Jan
28
Remember me whining about my skin a while back? So I’ve been doing the Oil Cleansing Method off and on for a few weeks and overall I like what it does: deep cleans, leaves most of my face feeling soft and glowy, doesn’t cost a million dollars. (Con: since I wash my face in the bath each night, I have to clean the tub more often to fend off an Oily Ring of Ewwww.)
The rashy whatever-it-is on my chin didn’t go away, though, and it seems like it’s slowly but steadily getting worse ever since it first showed up at the beginning of last summer, with spots showing up on my forehead now. I miss having decent skin, you guys. I don’t think I’m quite to the Oozing Leprous stage yet, but I feel wildly self-conscious all the time now. Unattractive.
I finally went back to the dermatologist, who promptly re-prescribed the original antibiotic that gave me headaches (Minocycline), and I took one last night and went UGH MY HEAD.
Goddamnit.
I keep wondering what it is that’s changed. Diet? Makeup? Skincare products? Nothing comes to mind, I’ve tried all sorts of different things and haven’t noticed any kind of pattern. But then last night while googling around for hormones+aging30-somethings+WTFISWRONGWITHMYFACE it finally occurred to me that maybe it’s my birth control?

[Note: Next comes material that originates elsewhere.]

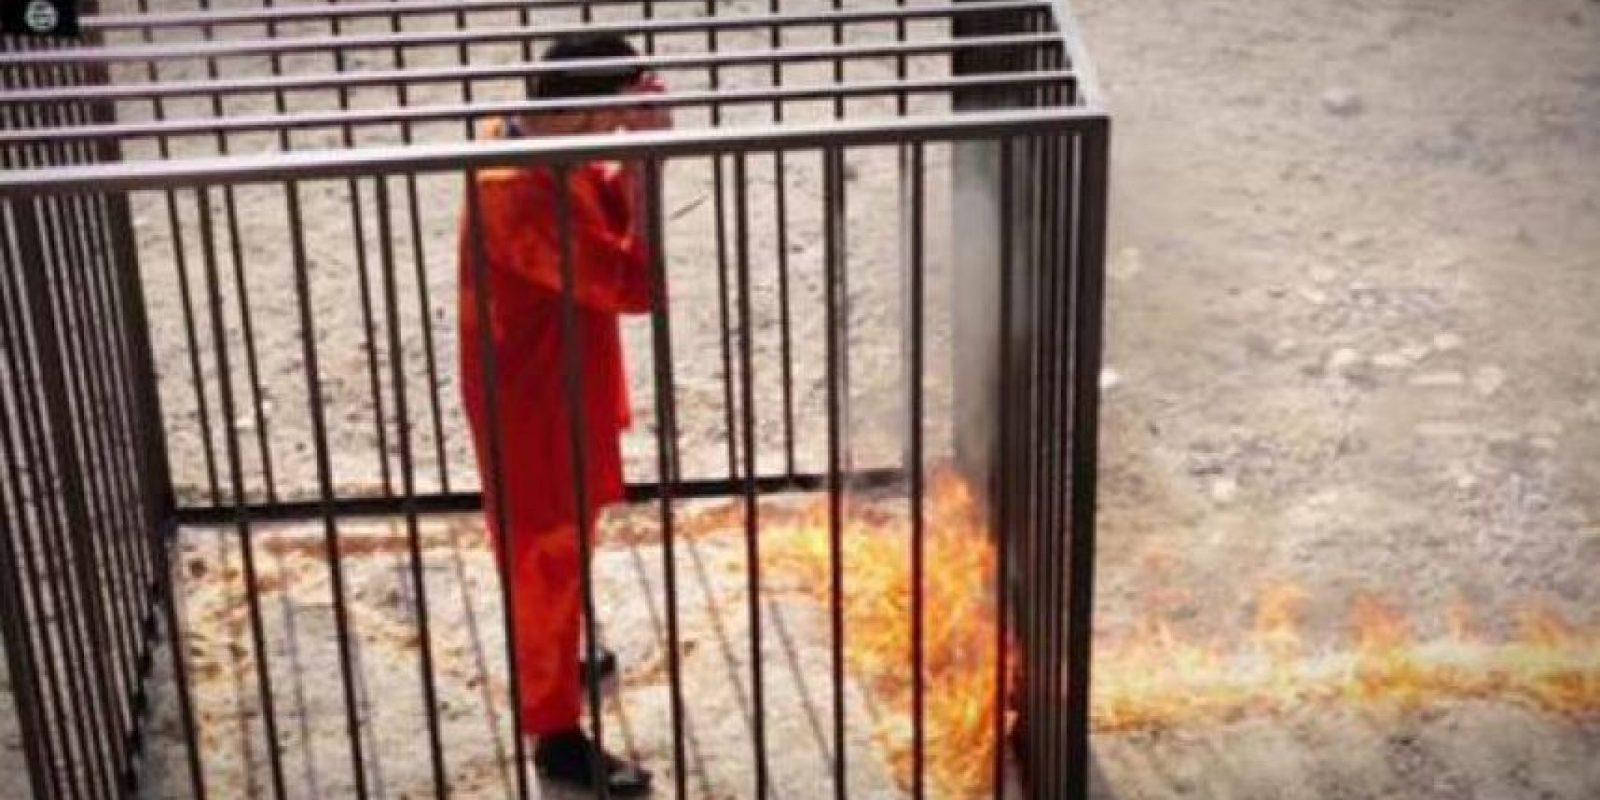 El piloto jordano Muaz Kasasbeh, quemado vivo por el grupo yihadista Foto:Twitter

Could that even be possible? I’ve had an IUD ever since Dylan was born, which is in fact when it was factory-installed, and it seems weird that I’d start having some random side effect 2.5 years afterwards.
Still, maybe she’s born with it . . . maybe it’s Mirena. Now if only there was some sort of Harry Potter spell for having it removed. (Cervixa Disapparition. Expulso No-Feel-Um. Libera Uterineum Bye-Bye.) You’d think I would have learned a thing or two from the process of pursuing pregnancy, but three years ago I wasn’t really thinking ahead to this thing’s exit strategy, and I’m just saying, IT DOESN’T SOUND PLEASANT.
Jan
27
When will I start taking classes again? I don’t know. I know it’s not the right time, right now. If I had schoolwork looming over my head each day I’d feel like no matter what I was doing, I wasn’t getting enough done. I’d be constantly tempted to stash the kids in front of the TV so I could finish an assignment or read a quick chapter or print a report or whatever it was. I battle that feeling enough as is with my freelance work, I don’t want to tip the scales any more than they already are. God, I don’t even know if the things I was interested in studying are the things I’m still interested in pursuing as a career.
When will I start sitting down and writing something of substance, maybe even the book I’ve long believed/hoped I would write? I don’t know. I produce 70+ billable articles a month, it leaves me with little desire to spend even more time tapping away at the keyboard. Even though I miss creating words for pleasure.
When will we follow through that dream of living in Oregon? Oh, I don’t know, I don’t know. We’re more entrenched than ever right now, no plans to put the house back on the market any time soon. I never really thought we’d still be here for our kids to start school, but this month I sign Riley up for kindergarten. It’ll be fall before we know it.
I feel like I’m in a sort of holding pattern, but I don’t know what change I’m waiting for. For the kids to start school? For more money, more time, more convenience—as though these things are guaranteed? As though I haven’t learned time and time again that success comes from making my own change?
Thing seem cloudy, these days. Not sad; obscured. I don’t know if I should be content with my today, or trying harder to aim into tomorrow.